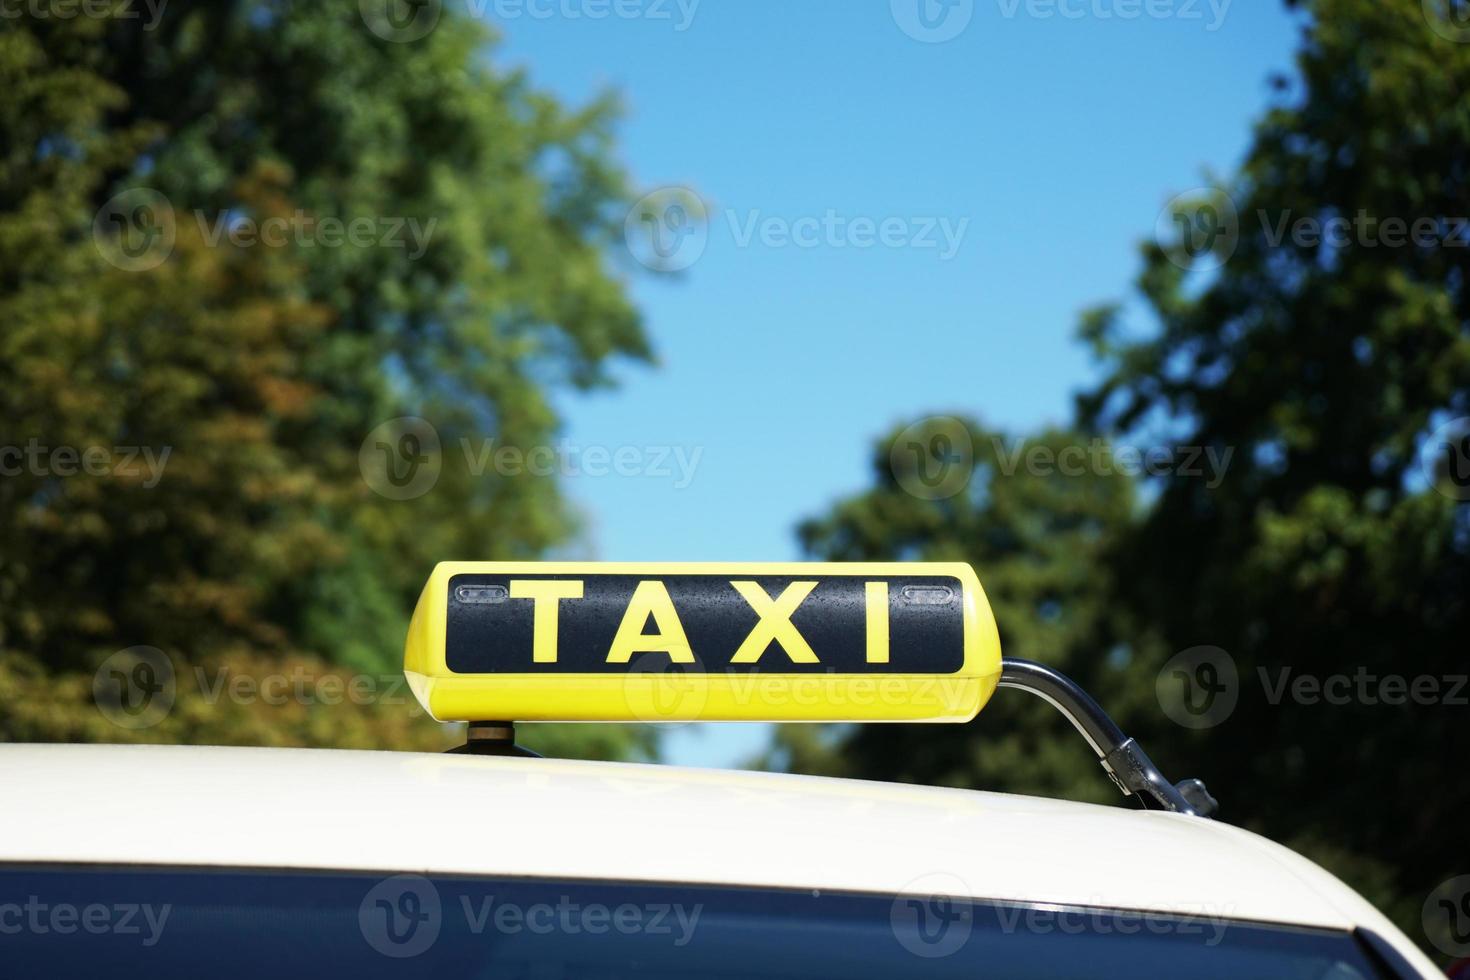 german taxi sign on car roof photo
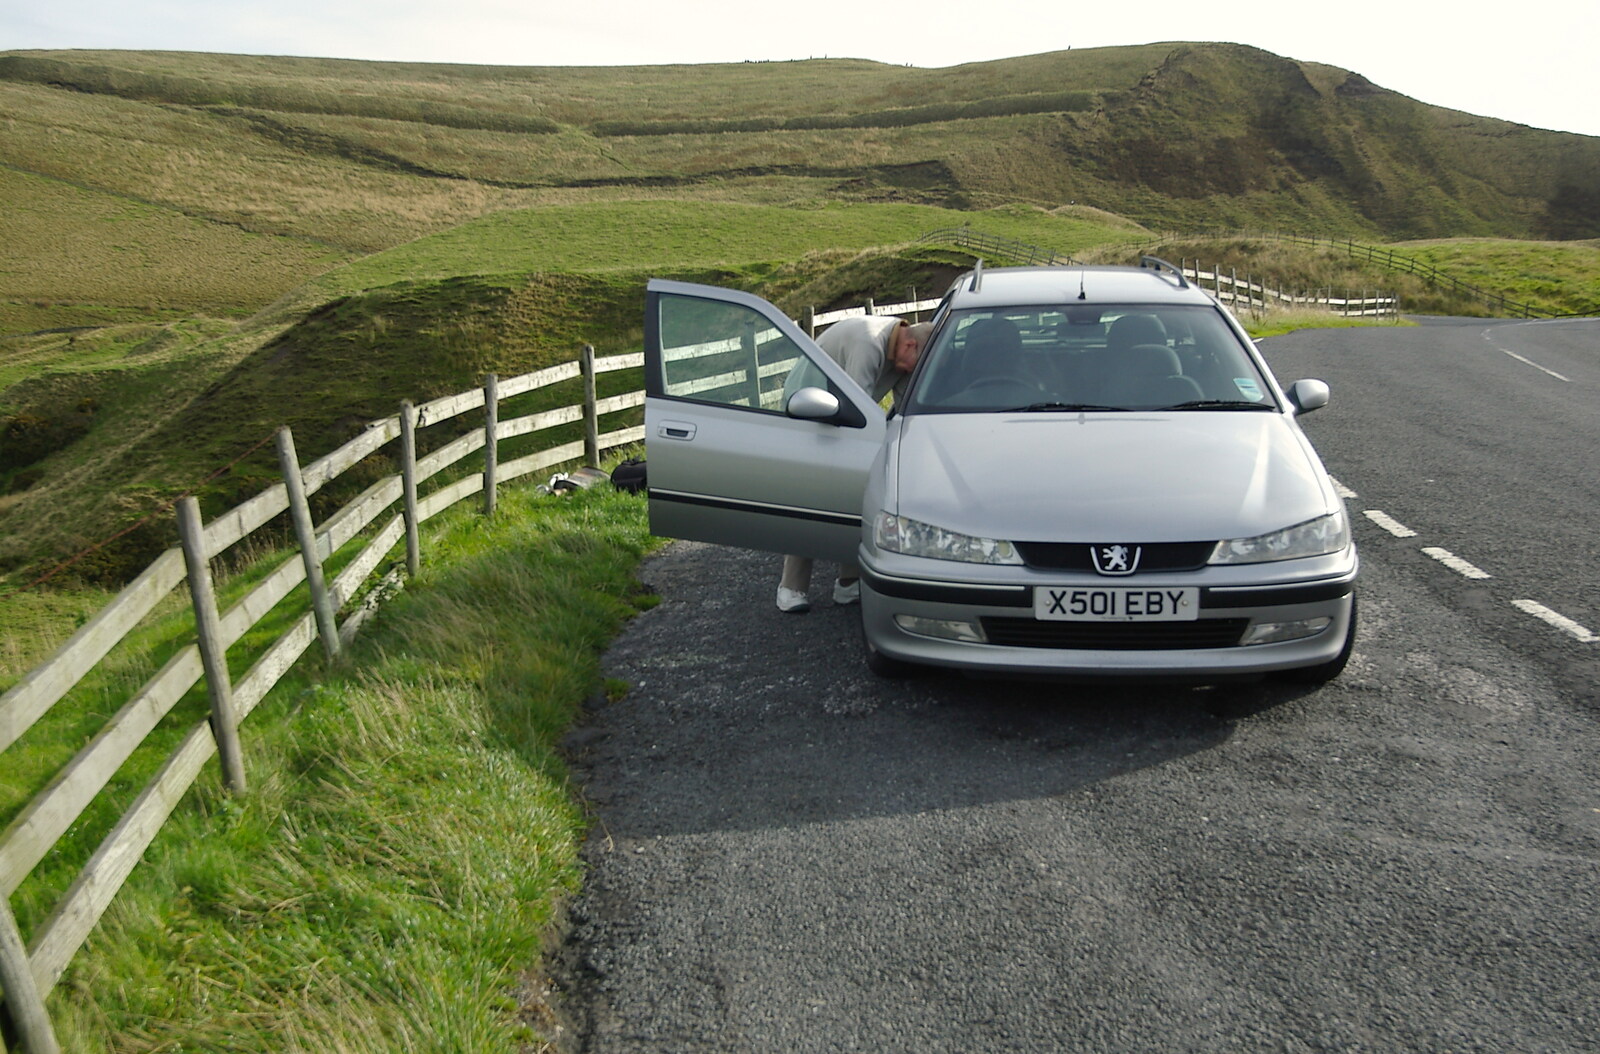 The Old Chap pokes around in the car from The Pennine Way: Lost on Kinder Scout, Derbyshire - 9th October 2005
--
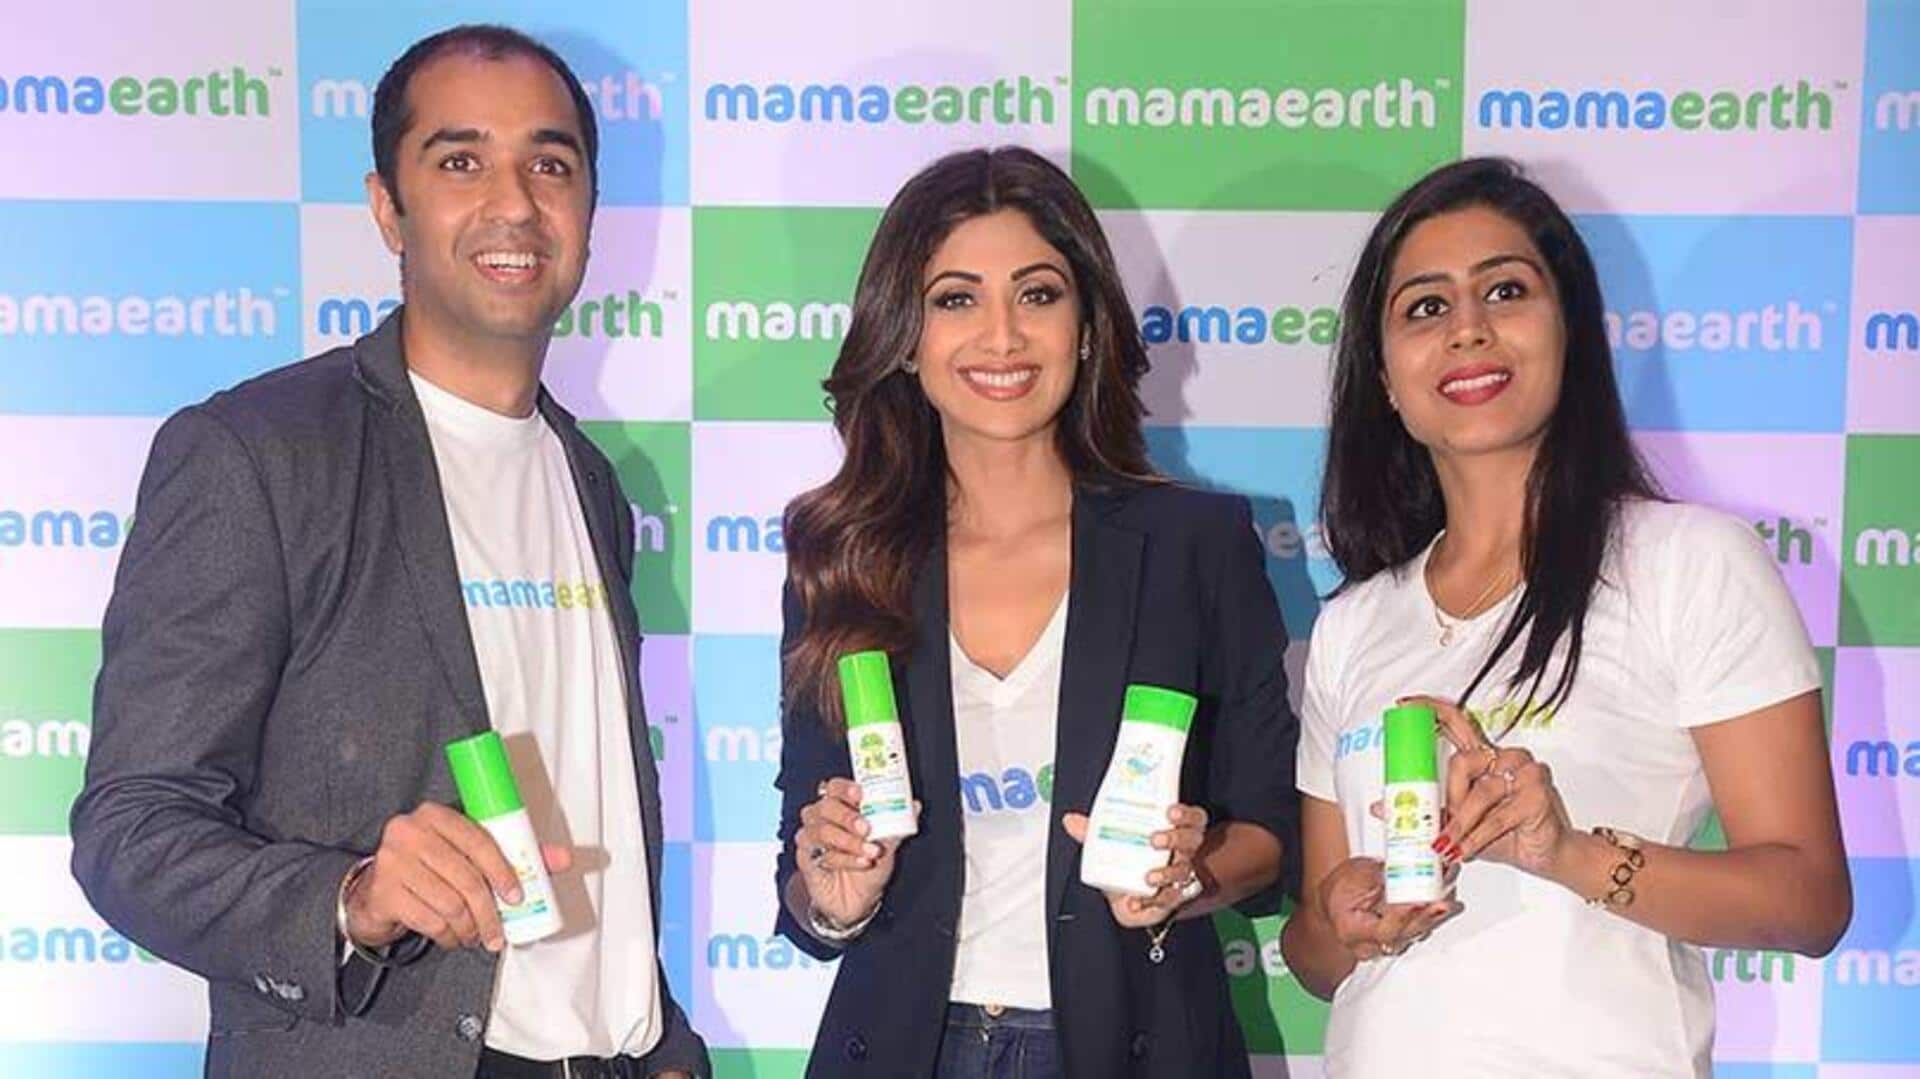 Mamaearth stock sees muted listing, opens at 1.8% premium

(Directions for this task) Go to the line above that contains "german taxi sign on car roof photo" and reproduce everything exactly from there through the line that contains "The Old Chap", leaving out the pictures.

(Problem solution)
 german taxi sign on car roof photo
 The Old Chap pokes around in the car from The Pennine Way: Lost on Kinder Scout, Derbyshire - 9th October 2005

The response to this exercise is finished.